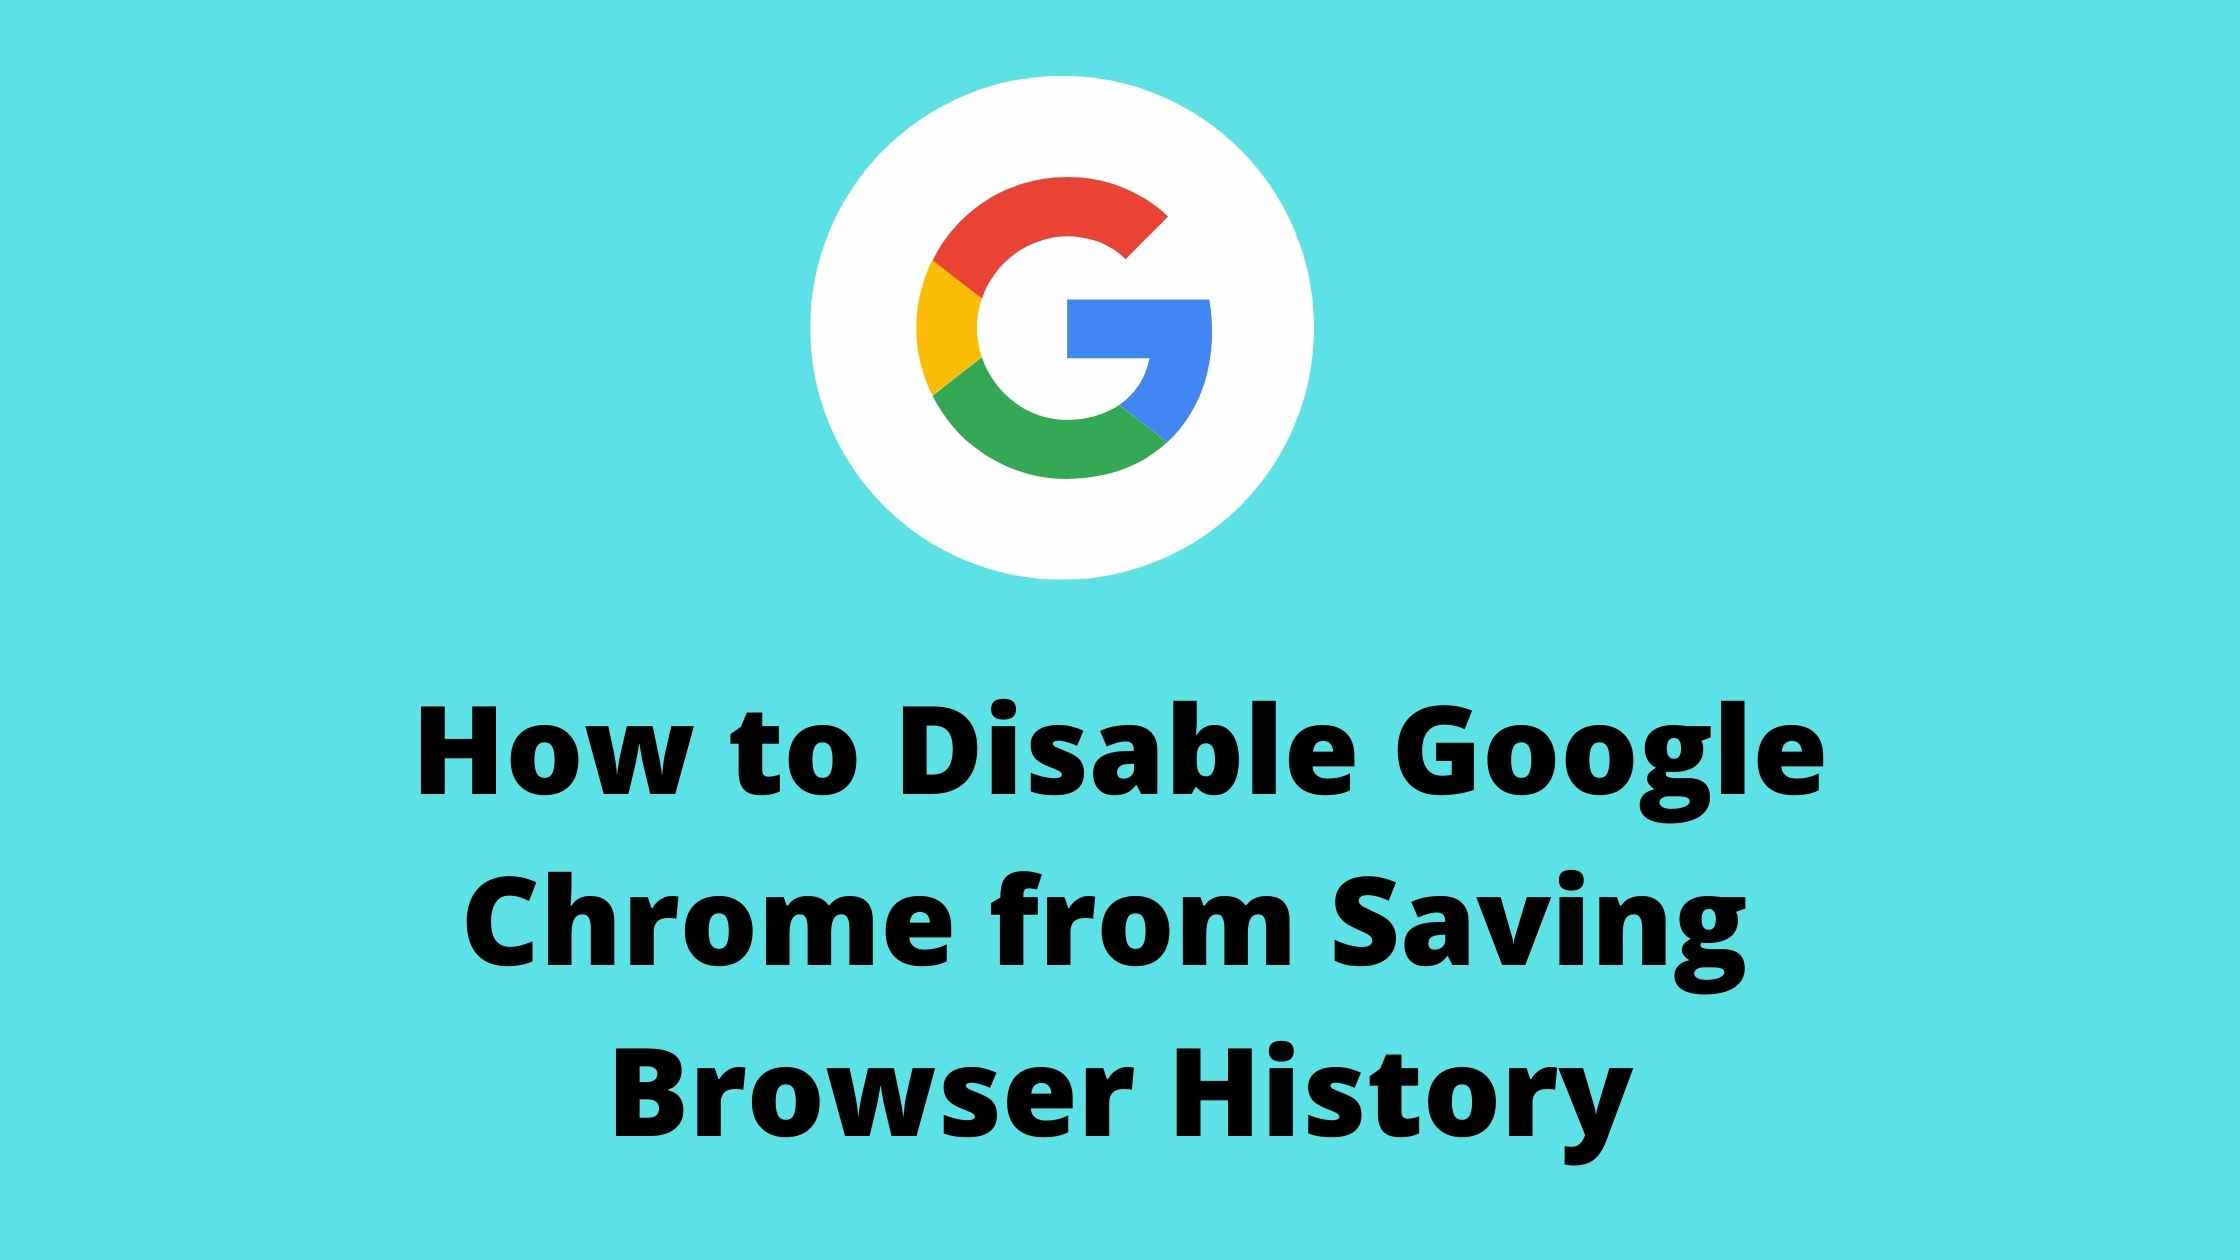 how to disable Google chrome from saving browsing history
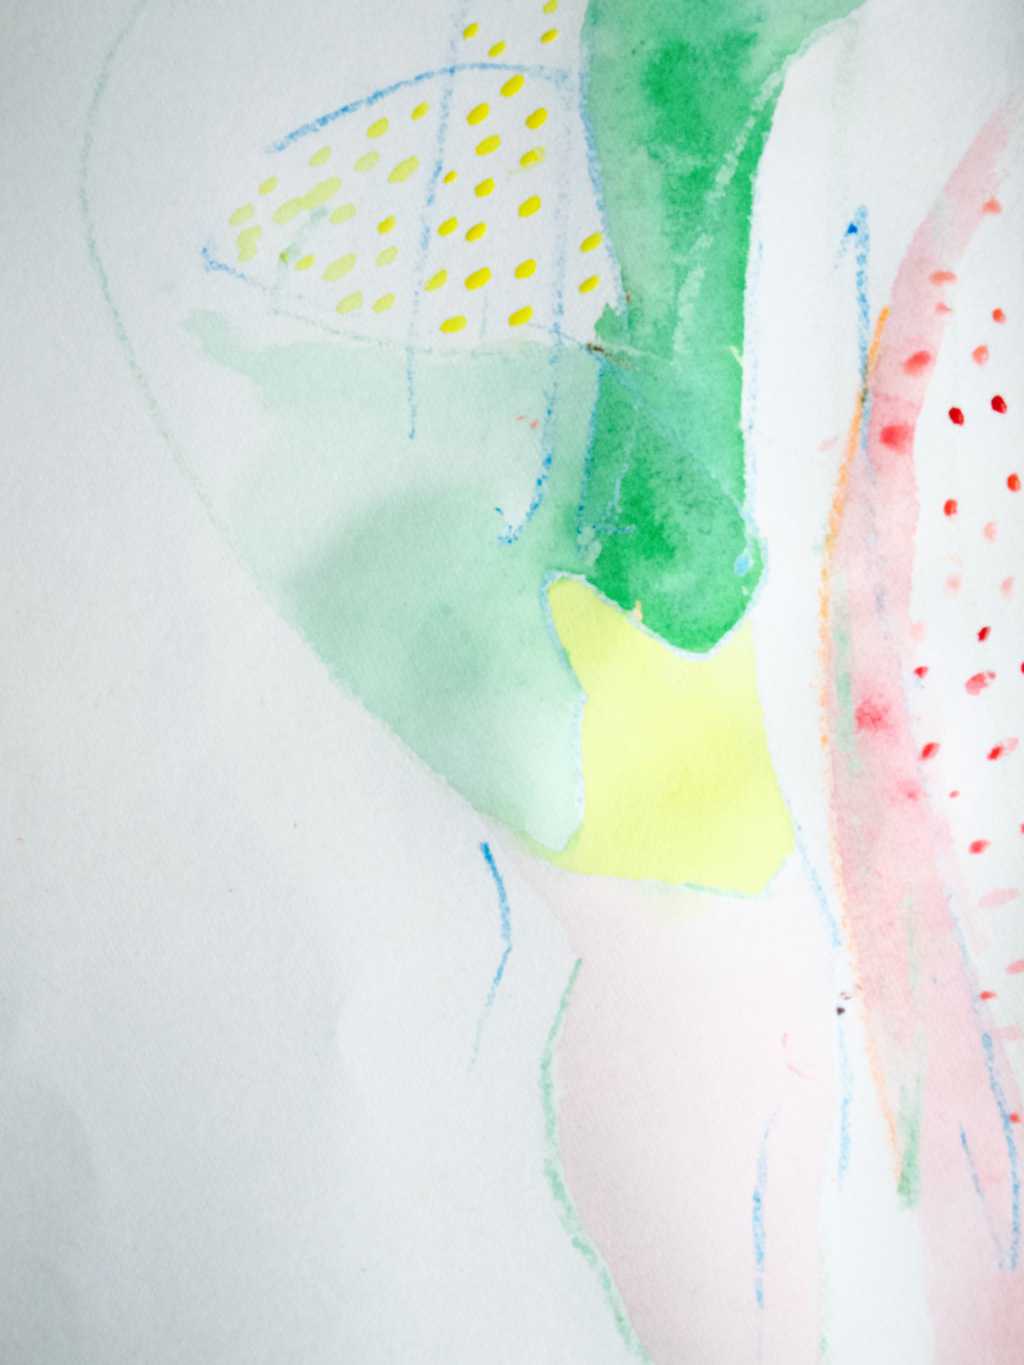 Toddler doodles turned into abstract art
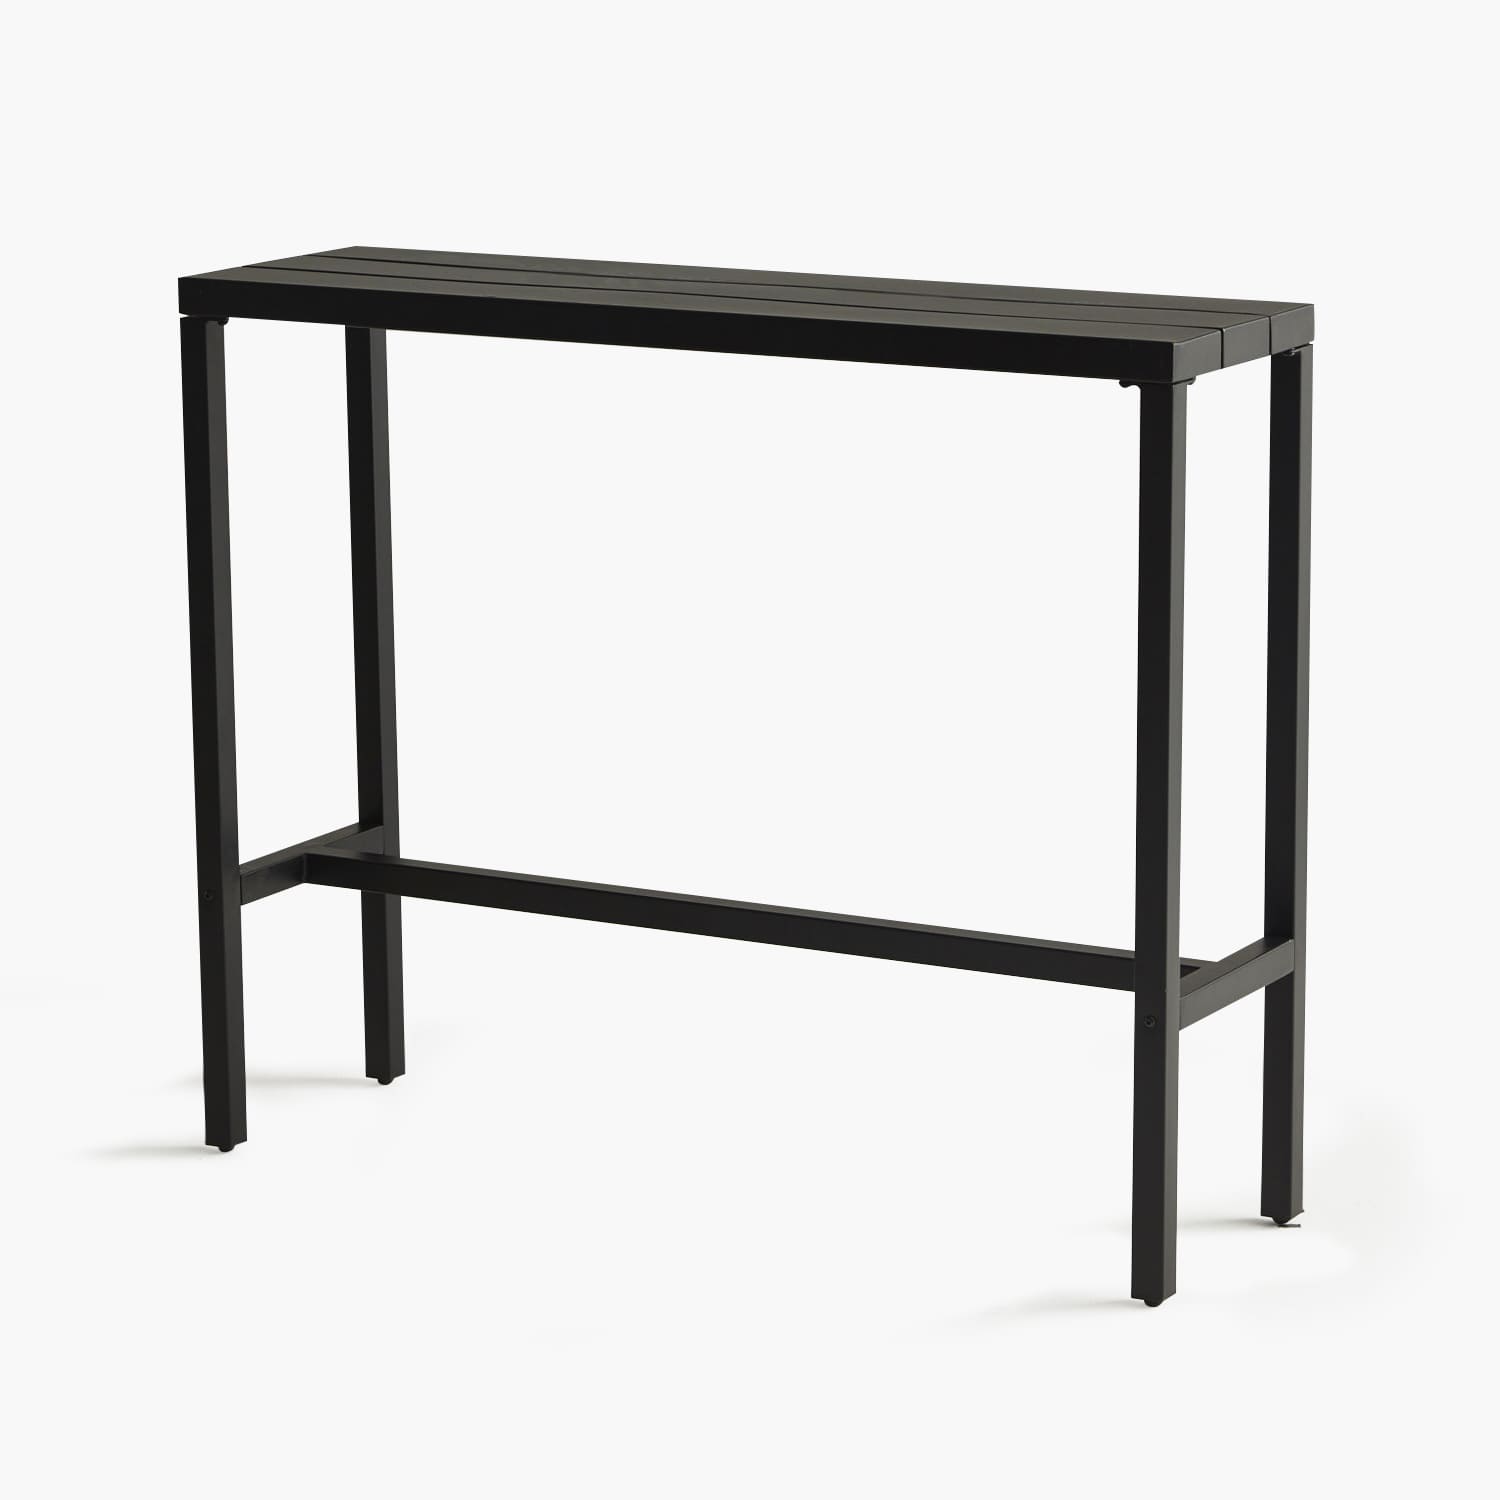 black outdoor bar height table

■ ■ ■ ■ ■

## AIM OF THE EXERCISE
Print the whole listing above once more, word for word, without its pictures.

## OUTPUT OF THE TASK
 how to disable Google chrome from saving browsing history
 Toddler doodles turned into abstract art
 black outdoor bar height table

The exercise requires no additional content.